Organise, a platform for worker rights, raises £570K seed funding led by Ada Ventures
Organise, a U.K. startup that has built a platform to help workers organise and campaign for better rights, has raised £570,000 in seed funding.
The round is led by Ada Ventures, fitting into the VC firm’s remit to back “overlooked markets and founders”. Also participating is Form Ventures, RLC Ventures (a seed-stage fund who commit a portion of their profits back to charitable causes chosen by founders), and Ascension Ventures via its Fair By Design Fund.
Founded in 2017 by CEO Nat Whalley and CTO Bex Hay, Organise describes itself as a “worker-driven network” that provides and range of digital tools and support to enable anyone to start a campaign to improve their working conditions. The idea is to combine the power of collective action, traditionally harnessed by trade unions, with the reach and insight of modern digital campaigns.
That makes sense. given its founders’ resumes. Whalley has a background in political campaigning at 38 Degrees and Avaaz, and also ran ChangeLab, a digital agency building campaigning technology. And Hay was formerly the tech director at 38 Degrees, and also ran Amazon Anonymous, leading her to be dubbed “the thorn in Jeff Bezos’ side”.
“With so many people working remotely, it’s harder to share your problems with colleagues or raise issues about work,” says Whalley. “When people run into issues around unsafe environments or concerns about unfair pay or maternity rights, they have nowhere to turn for support. We provide a way to bring workers together and give them the tools needed to make themselves heard. Our platform empowers individuals, groups and workplaces, helping them to affect meaningful change”.

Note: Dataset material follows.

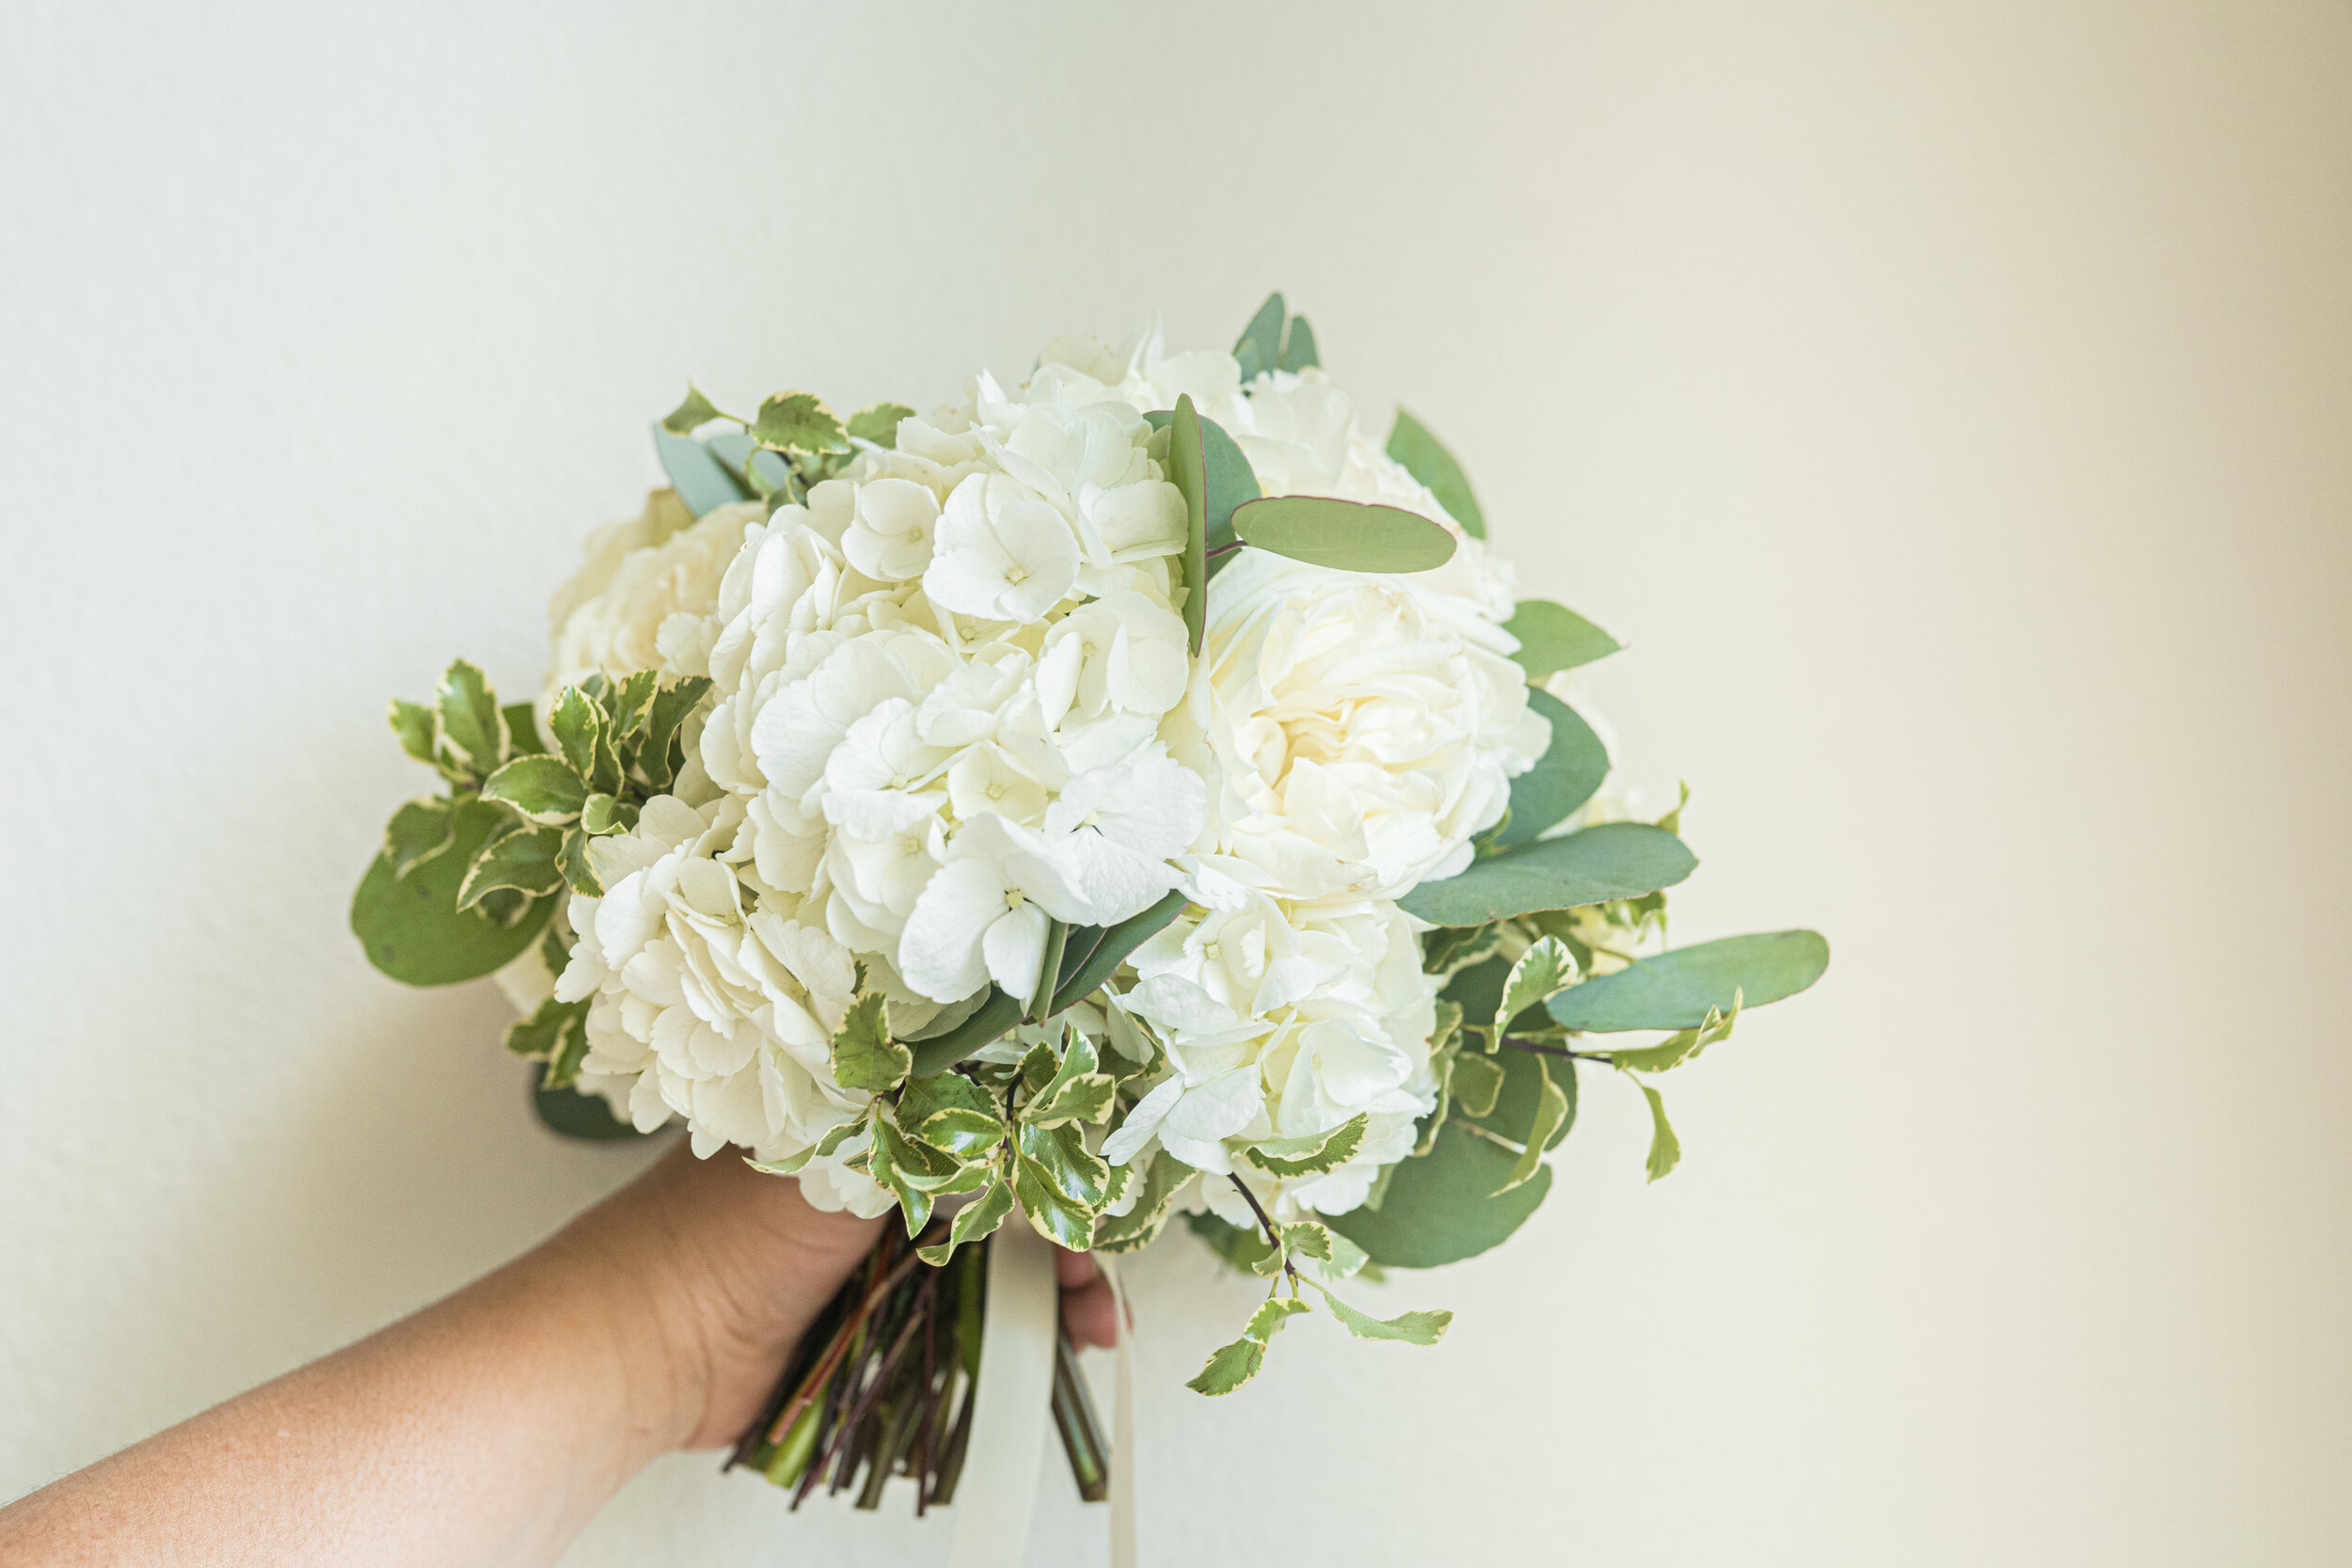 The Top 7 Wedding Flower Ideas & Trends for 2022

Whalley explains that users discover Organise in one of three ways: they’re looking to change something in their workplace and discover Organise as a way to make that happen; they join a campaign someone else in their workplace has already started; or they join a campaign calling for a national-level change related to the world of work.
“When people join Organise, we ask them to share their workplace and employment status,” she says. “The platform is then able to connect employees to existing networks of people from the same organisation, immediately enabling them to speak with one, much louder voice. For new campaigns, we can help people build up the awareness they need to get colleagues or workers from across their industry on board.
“Once part of the network, users are in control of their campaigns. They decide what change they want and we provide the tools to make it happen. This might be through surveys, calls to sign petitions, or open letters to decision makers”.
To date, Organise has enabled workers to mount successful campaigns against unjust working practices at companies including McDonald’s, Ted Baker, Amazon, Uber and Deliveroo. No doubt helped by the coronavirus crisis and resulting pressure on workers, the platform has grown from 90,000 to 400,000 members in the last three months.
Asked if Organise is designed to be an alternative to unions or to work with them, Whalley says the platform is complementary to union activities and that many of its members are union members too.
“They use the Organise tools to enhance their impact and increase their reach,” she adds. “For others, Organise makes it possible to bring colleagues together around a single issue where time is of the essence. The dynamic nature of the tools we provide and the speed at which campaigns can get off the ground can be exactly what employees need to drive through meaningful change”.
On competitors, Whalley says Organise is the only platform empowering workers’ rights at scale. There are also whistleblowing platforms in existence, like Vault, which she points out is paid for by companies, “meaning it’s not ultimately in the interests or control of the workers”.
Meanwhile, the business model is simple enough and, I’m told, is working. Organise is free for anyone to join but also offers paid-for, enhanced support for those who need it.
Around 5% of users pay a subscription (usually £1 – £2 a week, depending on income) for enhanced support. This includes employment advice and access to a peer-to-peer forum. “Because it’s paid for by the individuals who will ultimately benefit from it, we can scale and sustain impact at the same time,” says Whalley.